В первый же день их встречи пришел рыцарь Рамбер, послушал чтение, перевод и одобрил избранные цитаты. Потом самым ласковым образом начал расспрашивать Ива, откуда он родом и кто его отец, видал ли он своего сеньора и бывал ли у него в замке. О сеньоре Ив сказал, что видел его издали скачущим за охотничьими собаками, а в замке у него никогда не был.
Когда рыцарь ушел, Эрменегильда продолжала расспрашивать Ива о его жизни в деревне и о том, что он предполагает делать в Париже.
Ив рассказывал ей обо всем этом и о своем теперешнем печальном положении невольного пленника. Он даже осмелился обвинить отца Эрменегильды в несправедливом отказе в просьбе тогда, на лесной опушке, отпустить его в Париж, такой заманчиво близкий.
— Я не понимаю, — сказала Эрменегильда, — почему отец не отпустил тебя. Ты, наверно, не так понял его. Мой отец слишком добр и справедлив, чтобы отказать в такой пустячной просьбе. Я непременно скажу ему. Отец просто думает, что тебе здесь очень хорошо, ведь он о тебе ничего не знает. Я непременно скажу ему.

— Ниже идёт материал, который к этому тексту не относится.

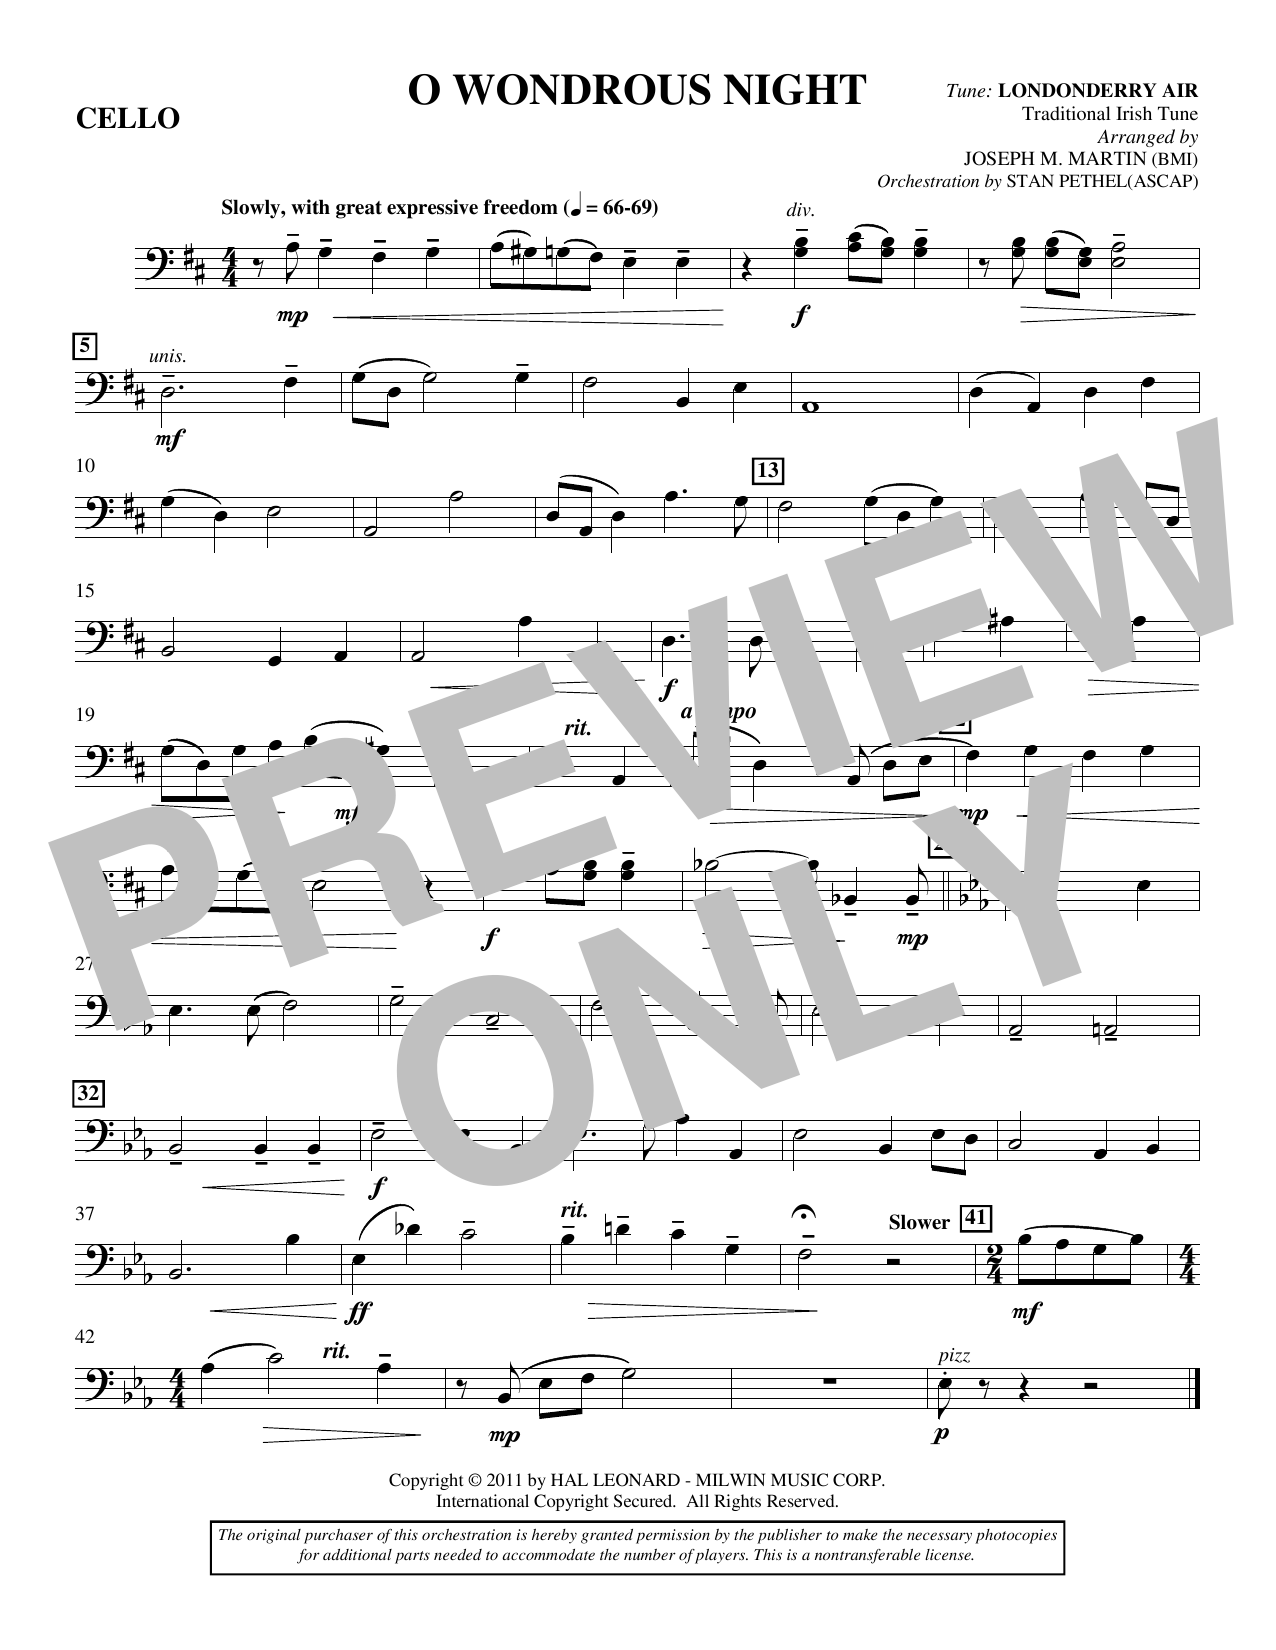 Joseph M. Martin O Wondrous Night - Cello sheet music notes and chords. Download Printable PDF.
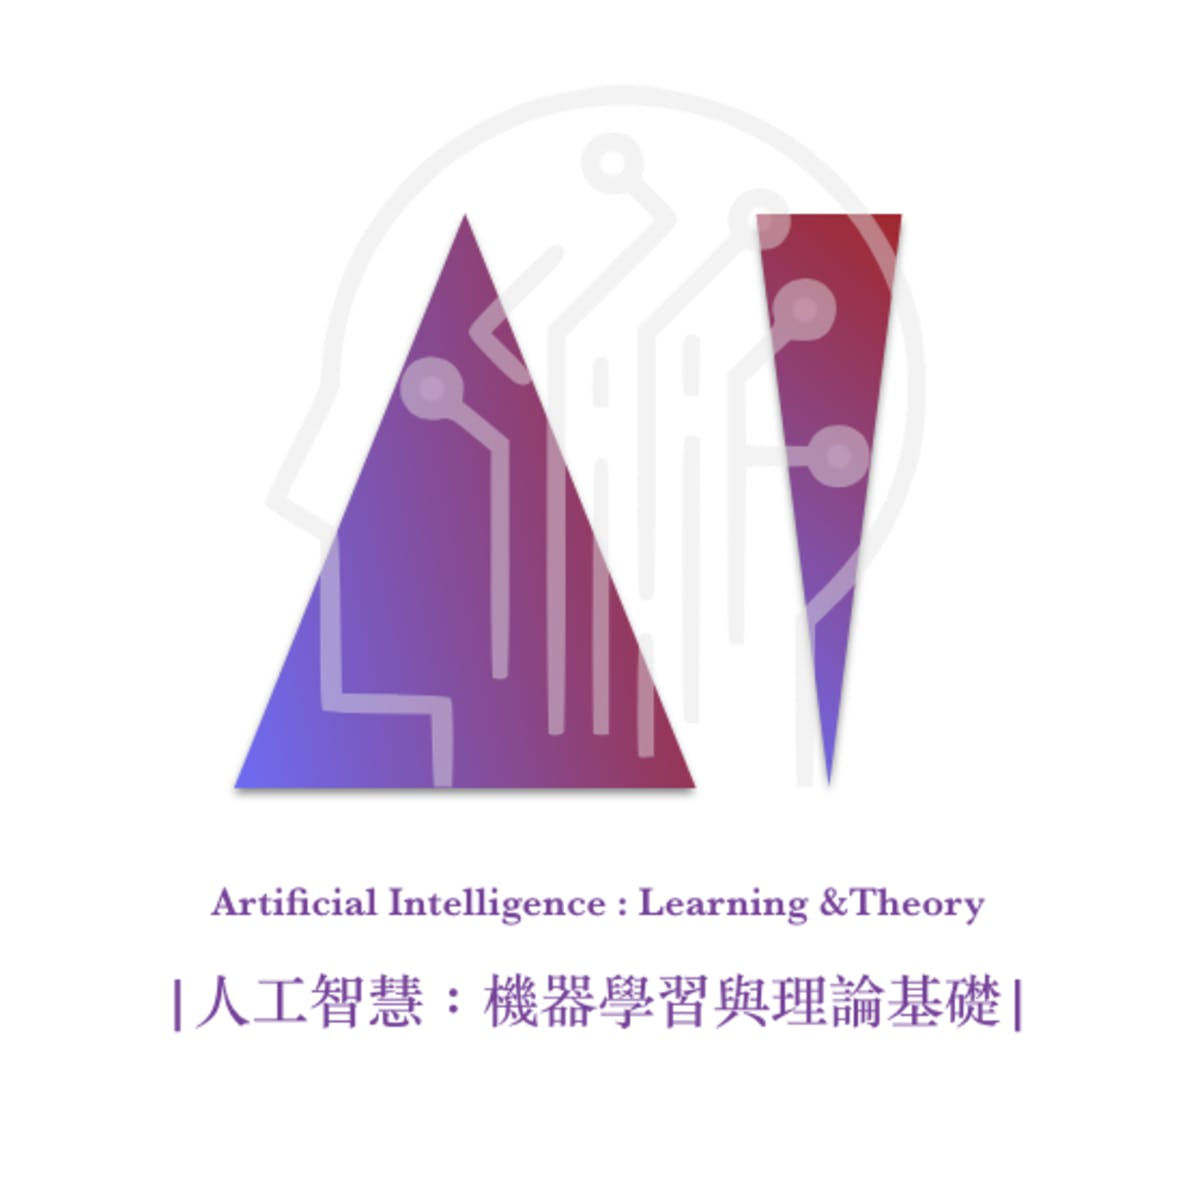 人工智慧:機器學習與理論基礎 (Artificial Intelligence - Learning & Theory)

Слова о доброте и справедливости так не вязались с тем, что говорил о Клеще псарь Жак, с рассказом о нем звонаря Фромона и, наконец, с его собственным впечатлением от рыцаря Рамбера, что Ив понял — Эрменегильда не знает правды о своем отце. Говорить ей об этом он не имеет права, и надеяться ему на ее помощь нечего: убежденная, что отец ее «добр и справедлив», она будет верить всему, что тот ей скажет, и все будет так, как захочет Клещ. И пусть Госелен тоже не уверяет, что сумеет выпросить для Ива разрешение уйти из замка.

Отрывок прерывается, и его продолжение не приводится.